Check out the scenes in which HuixiangDou are running and join WeChat Group to try AI assistant inside.

If this helps you, please give it a star ⭐

🔆 News

The web portal is available on OpenXLab, where you can build your own knowledge assistant without any coding, using WeChat and Feishu groups.

Visit web portal usage video on YouTube and BiliBili.

📖 Support

Model File Format IM Application
  • pdf
  • word
  • excel
  • ppt
  • html
  • markdown
  • txt
  • WeChat
  • Lark
  • ..

📦 Hardware

The following are the hardware requirements for running. It is suggested to follow this document, starting with the basic version and gradually experiencing advanced features.

Version GPU Memory Requirements Features Tested on Linux
Cost-effective Edition 1.5GB Use openai API (e.g., kimi and deepseek) to handle source code-level issues
Free within quota
Standard Edition 19GB Deploy local LLM can answer basic questions
Complete Edition 40GB Fully utilizing search + long-text, answer source code-level questions

🔥 Run

First agree BCE license and login huggingface.

huggingface-cli login

Then install requirements.

# parsing `word` format requirements
apt update
apt install python-dev libxml2-dev libxslt1-dev antiword unrtf poppler-utils pstotext tesseract-ocr flac ffmpeg lame libmad0 libsox-fmt-mp3 sox libjpeg-dev swig libpulse-dev
# python requirements
pip install -r requirements.txt

Standard Edition

The standard edition runs text2vec, rerank and a 7B model locally.

STEP1. First, without rejection pipeline, run test cases:

# Standalone mode
# main creates a subprocess to run the LLM API, then sends requests to the subprocess
python3 -m huixiangdou.main --standalone
..
..Topics unrelated to the knowledge base.."How to install mmpose?"
..Topics unrelated to the knowledge base.."How's the weather tomorrow?"

You can see that the result of handling the example question in main.py is the same, whether it's about mmpose installation or How's the weather tomorrow?

STEP2. Use mmpose and test documents to build a knowledge base and enable the rejection pipeline

Copy all the commands below (including the '#' symbol) and execute them.

# Download knowledge base documents
cd HuixiangDou
mkdir repodir
git clone https://github.com/open-mmlab/mmpose --depth=1 repodir/mmpose
git clone https://github.com/tpoisonooo/huixiangdou-testdata --depth=1 repodir/testdata

# Save the features of repodir to workdir
mkdir workdir
python3 -m huixiangdou.service.feature_store

Note

If restarting local LLM is too slow, first python3 -m huixiangdou.service.llm_server_hybrid, then open a new terminal, and only execute python3 -m huixiangdou.main without restarting LLM.

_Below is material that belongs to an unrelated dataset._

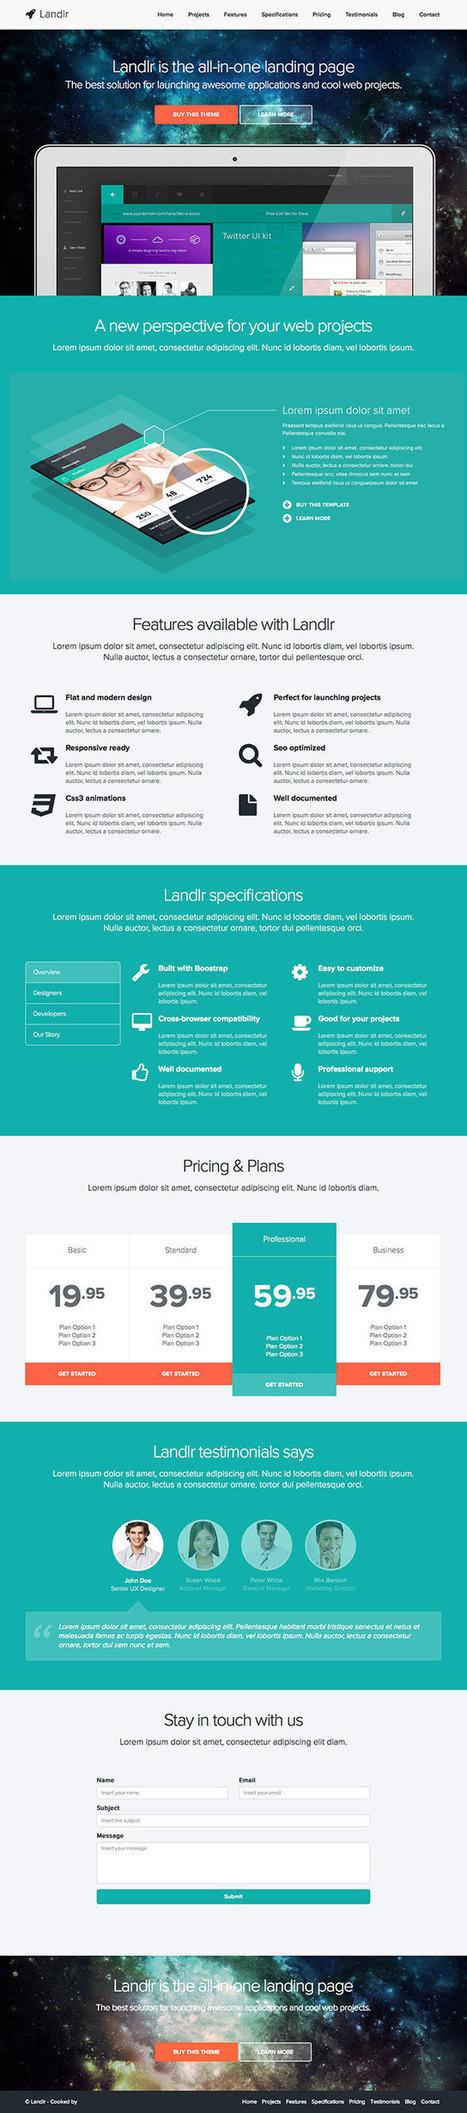 Top 10 Landing Page sous WordPress 2014 | SeoPowa | Internet | Scoop.it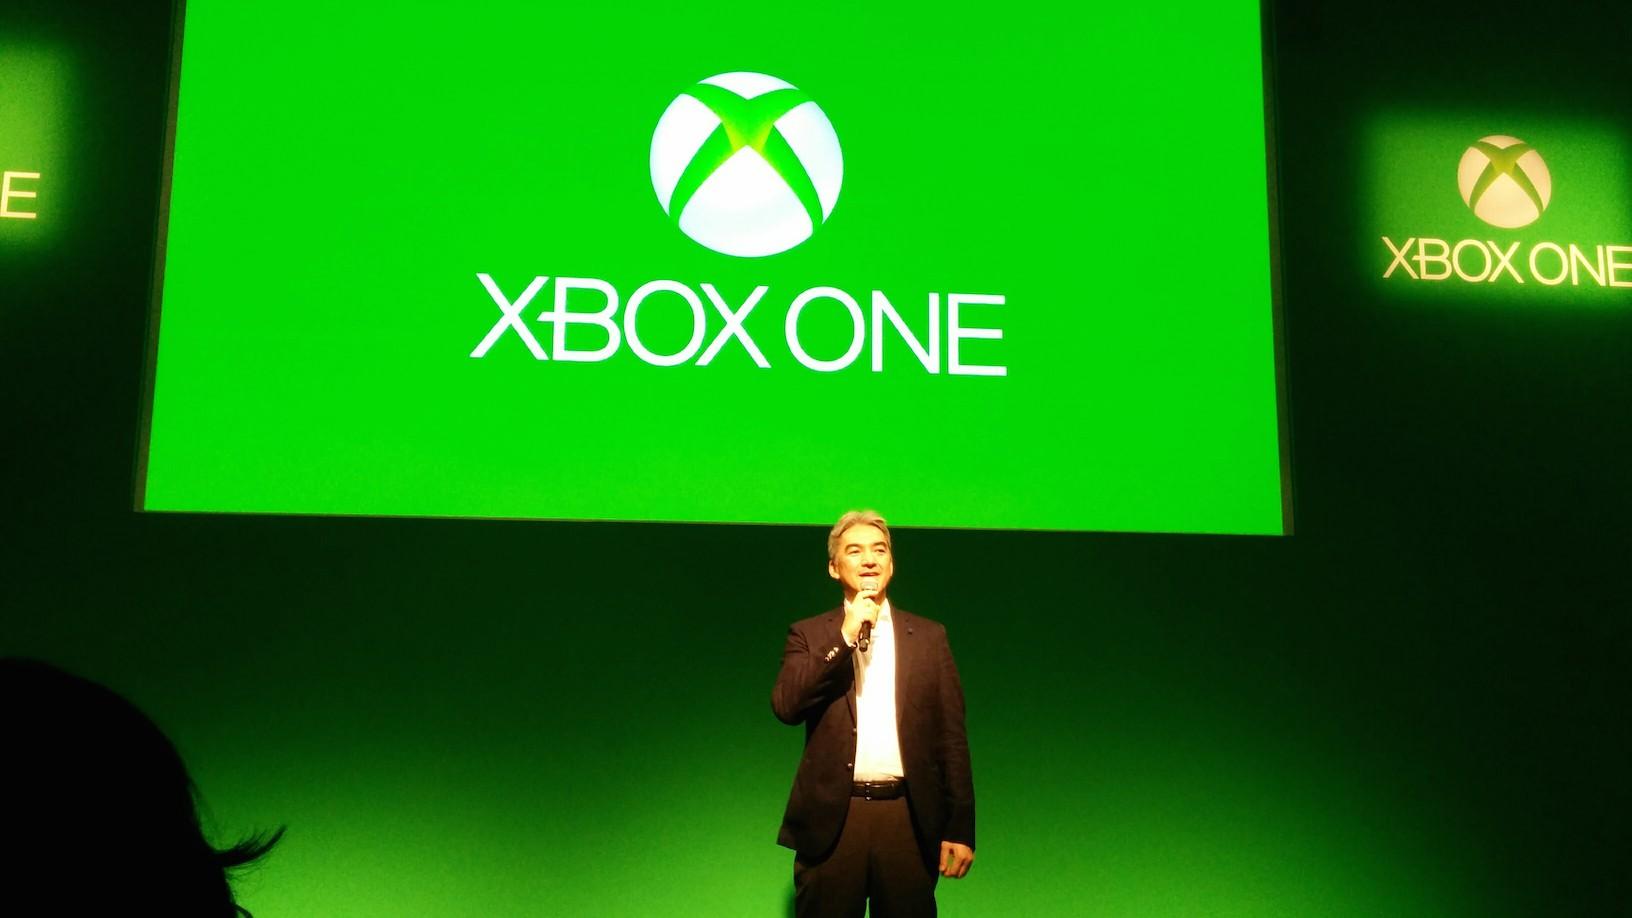 Xbox oneプレミアムナイトに参加してきました #XboxOneFest2014

Then rerun main, Huixiangdou will be able to answer mmpose installation and reject casual chats.

python3 -m huixiangdou.main --standalone
..success.. To install mmpose, you should..
..Topics unrelated to the knowledge base.."How's the weather tomorrow?"

Please adjust the repodir documents, good_questions, and bad_questions to try your own domain knowledge (medical, financial, power, etc.).

STEP3. Test sending messages to Feishu group (optional)

This step is just for testing algorithm pipeline, STEP4 also support IM applications.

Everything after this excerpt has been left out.